3 thoughts on “Are Casual Games Killing Innovation?

  1. Great article, I agree.

    I do think there is room for both casual and hardcore – for me casual games would be something on my phone to play for 10-20 mins whereas my main gaming time would be a couple of hours on the PS3 in the evening.

    The problem will be the next generation or two of gamers that get used to paying £2 for a game as opposed to £40. Will the ‘hardcore’ consoles find themselves deserted? I think they won’t – you just couldn’t experience something like Uncharted 3, Infamous 2 or Crysis 2 on a phone.

    Posted by GregHorrorShow | June 28, 2011, 4:57 am
    • I think we’re still another decade away from a mobile device being able to replicate a console experience, although the PlayStation Vita shows promise in making strides. The biggest issues are: 1) It’s difficult to make a portable device with the power of a console and keep manufacturing costs down (thereby keeping the price down for consumers); and 2) the amount of storage that a device is capable of, is often dependent on the amount of storage that is possible and affordable. While there are flash drives that can hold up to 500 GB without the need for an external power supply, they’re not reliable, transfer rates are limited, and they’re particularly expensive.

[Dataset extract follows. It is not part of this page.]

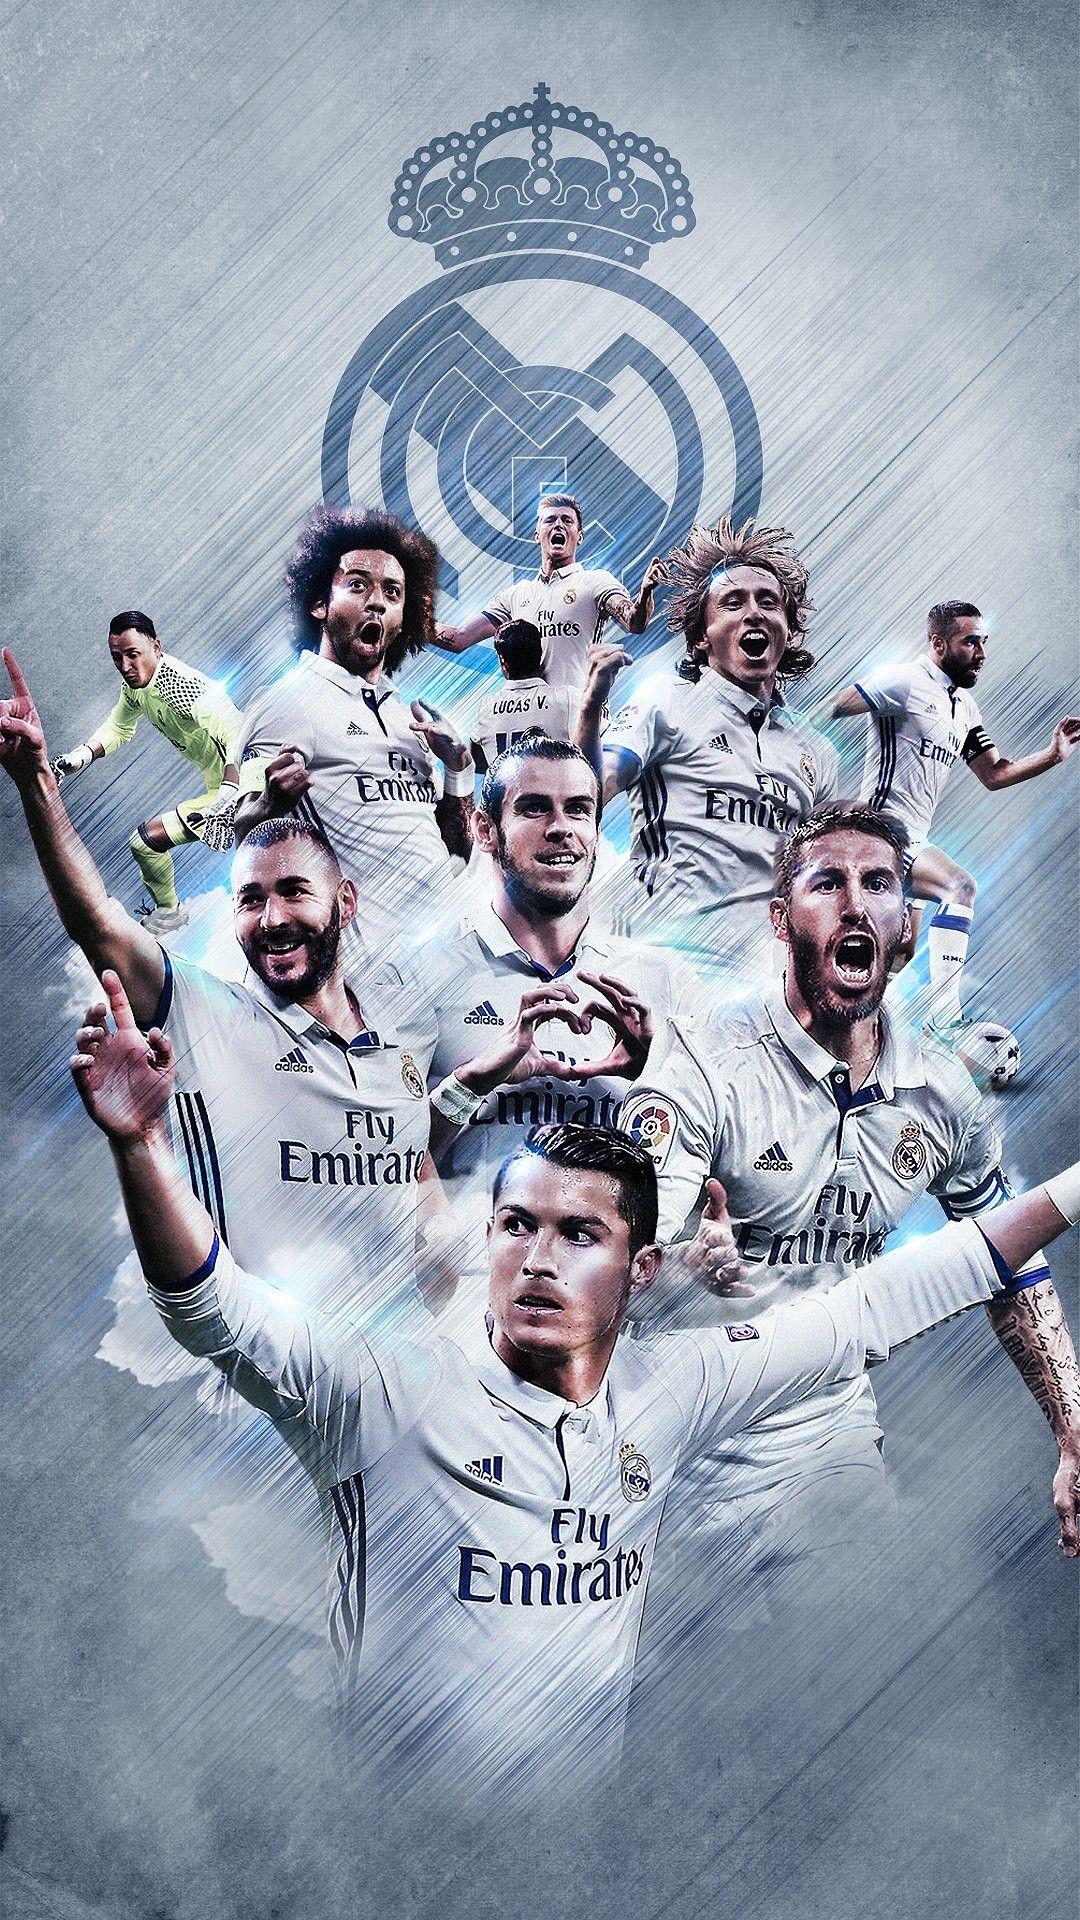 1080x1920 Real Madrid Real Madrid Wallpapers Real Madrid Football Madrid Wallpaper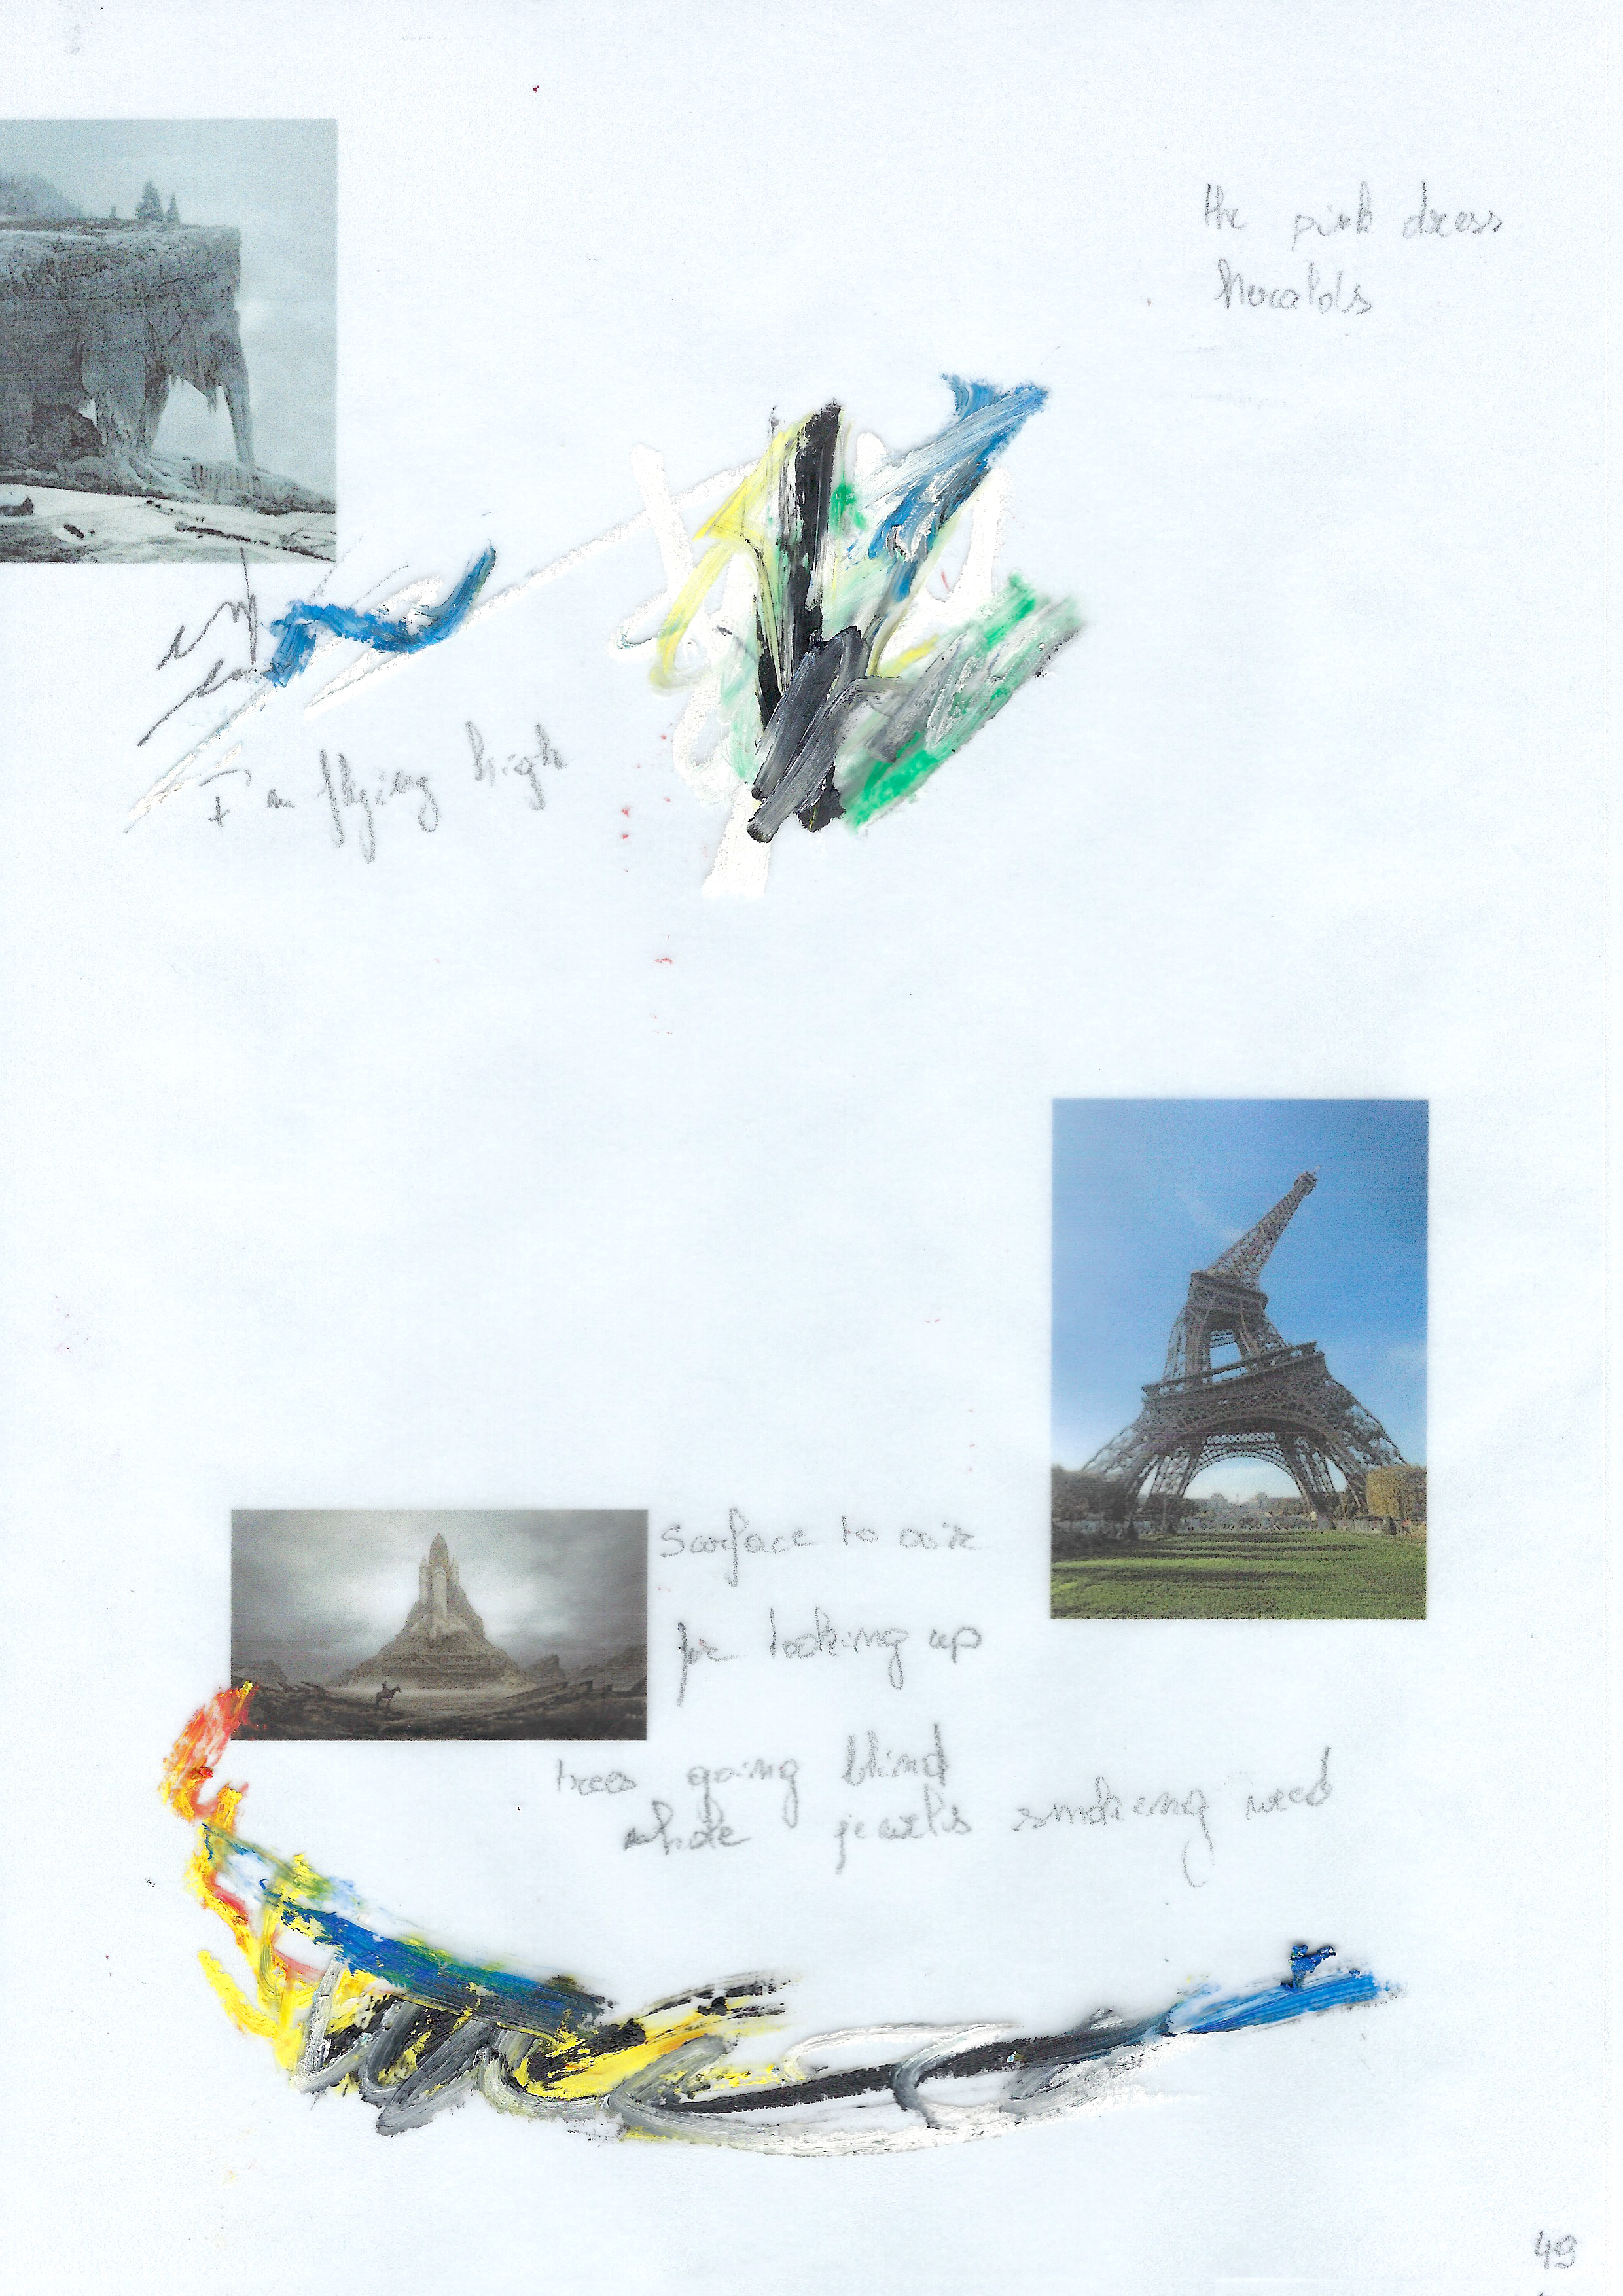 #49 (monuments)

      Simply put, for a portable or mobile device to match the console experience, there’d have to be a perfect median between cost and feasibility that just doesn’t exist yet with today’s technology and economy. While the technology may become possible sooner than later, the economic conditions may not be preferable for consumers to make such a steep investment.

      Posted by the FRANCHISE | June 28, 2011, 10:08 pm
  2. I played GT3 on PS2 from beginning to end. I got months of entertainment out of it. I still remember the final race: 8 hours (was that it?) of straight racing with a nerve-wrecking, ultra-fast, Formula 1 car. It took me 4 tries to win that one last race. So at $49.99, it has been the cheapest game ever when it comes to hours of fun vs. price. The problem is the amount of time and dedication. I don’t have that kind of time anymore. That’s where casual games step in.

    So, we can’t blame consumers or the industry; it is a phenomenon driven by socio-economic changes.